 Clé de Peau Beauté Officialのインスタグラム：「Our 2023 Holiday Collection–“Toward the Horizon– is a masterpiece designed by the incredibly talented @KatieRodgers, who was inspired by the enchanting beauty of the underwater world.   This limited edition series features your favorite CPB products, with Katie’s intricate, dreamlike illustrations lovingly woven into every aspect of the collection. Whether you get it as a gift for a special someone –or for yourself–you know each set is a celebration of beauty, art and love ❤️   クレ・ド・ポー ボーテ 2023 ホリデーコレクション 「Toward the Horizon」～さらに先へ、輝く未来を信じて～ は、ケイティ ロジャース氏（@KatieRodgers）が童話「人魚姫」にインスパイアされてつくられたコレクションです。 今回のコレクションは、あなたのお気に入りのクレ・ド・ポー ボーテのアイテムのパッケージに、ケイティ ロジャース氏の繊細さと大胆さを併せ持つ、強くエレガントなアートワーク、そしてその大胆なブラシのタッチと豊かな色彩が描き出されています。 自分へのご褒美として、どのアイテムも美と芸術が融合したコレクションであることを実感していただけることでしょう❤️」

----

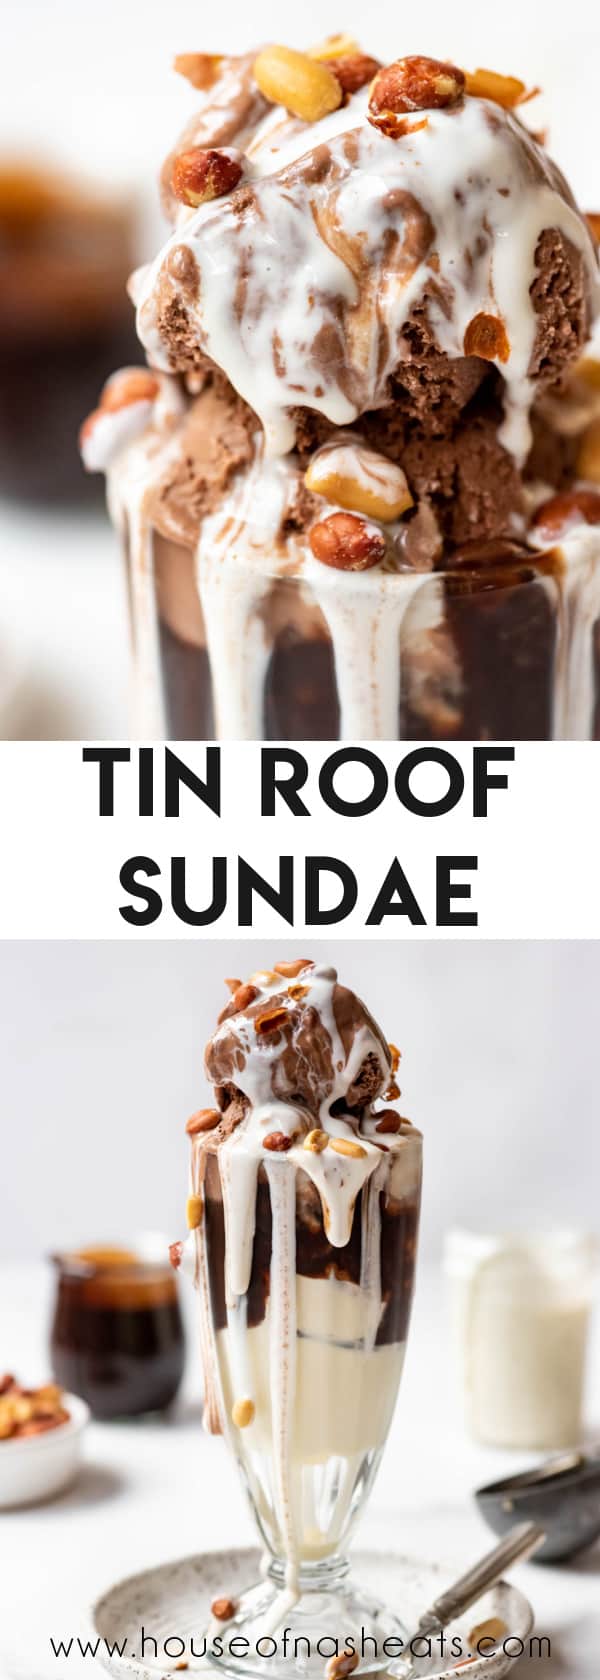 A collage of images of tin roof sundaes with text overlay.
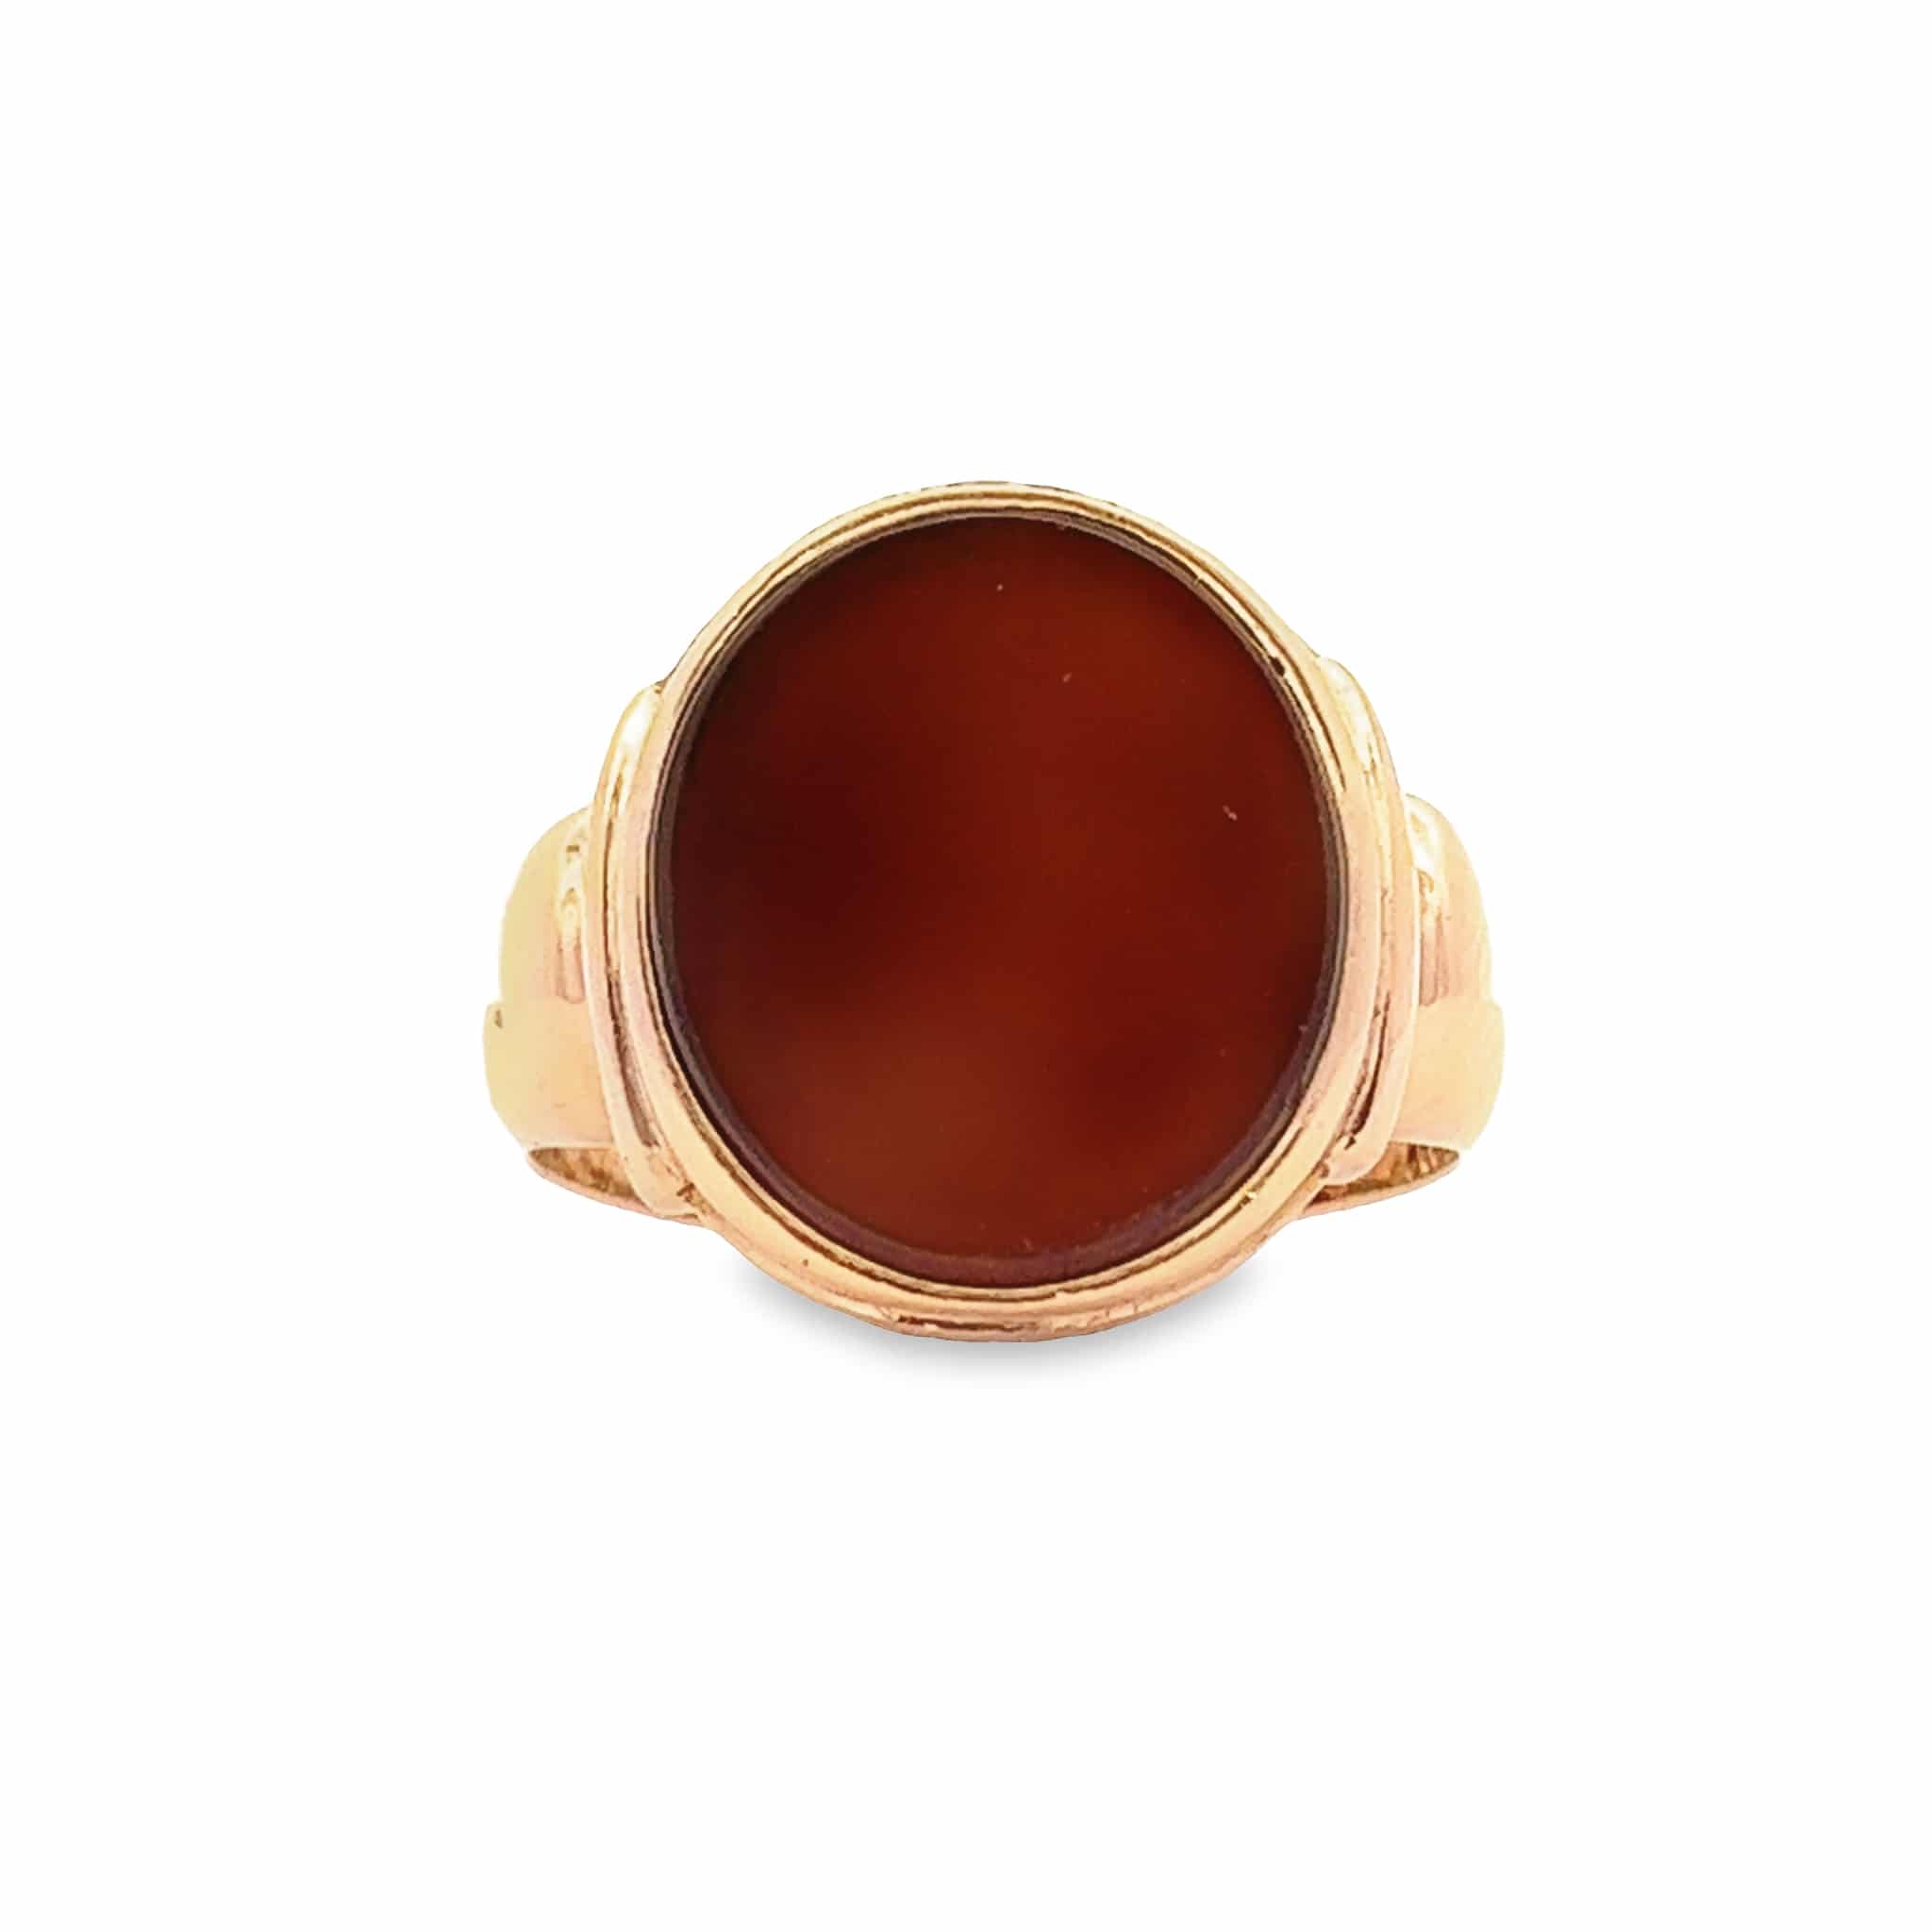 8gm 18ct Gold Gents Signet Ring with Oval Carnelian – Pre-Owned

----

• _ASSIGNED TASK_:
Copy out the lines above from the line containing "A collage of" through the line containing "8gm 18ct Gold", exactly, and keep the pictures out.

• _YOUR RESPONSE_:
 A collage of images of tin roof sundaes with text overlay.
 8gm 18ct Gold Gents Signet Ring with Oval Carnelian – Pre-Owned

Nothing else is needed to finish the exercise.